In 1848, he was discovered in Leipzig by the famous violinist, Ferdinand David, who arranged some concerts for him. In 1850, he became solo cellist in the Leipzig theatre orchestra, the Gewandhaus Concerts, and professor at the Leipzig Conservatory. He played in the David String Quartet.

In 1860, Grützmacher moved to Dresden to be principal cellist of the court orchestra, and head of the Dresden Musical Society. In 1877, he became a professor at the Dresden Conservatory. He concertized all over Europe and Imperial Russia, where he became a friend of the famous cellist Karl Davydov. In 1876 he played a couple of concerts in Milan together with the violinist Edmund Singer and the pianist Anna Mehlig. Anna Mehlig was one of his favorite pianists who he got to know well during their time in Bernard Ullmann's concert tours, in which they played together in 1871. The contemporary press was enthusiastic about the trio's ability to perform chamber music at the highest level and they managed to sway even the Italian audience which was known to be particularly critical.

After this success Grützmacher and Mehlig toured the Baltics in 1877. They performed Beethoven's cello sonata and Chopin's composition for piano and cello in Dorpat, Reval and Königsberg to critical acclaim.

He played the first performance of Richard Strauss's Don Quixote in Cologne in 1898. He was the teacher of Wilhelm Fitzenhagen and Hugo Becker whose editions are still used.

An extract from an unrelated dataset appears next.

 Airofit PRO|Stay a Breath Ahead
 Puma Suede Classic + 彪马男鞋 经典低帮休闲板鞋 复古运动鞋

Grützmacher is most famous today for taking samples of four different works to form his edition of Luigi Boccherini's Concerto in B-flat, still being published and performed. He is also known for rearranging J. S. Bach's Cello Suites with additional chords, passages and embellishments. His cadenzas for the cello concertos by Boccherini and Joseph Haydn are often performed to this day. He made frequent tours throughout Europe and Russia as a solo cellist and chamber musician.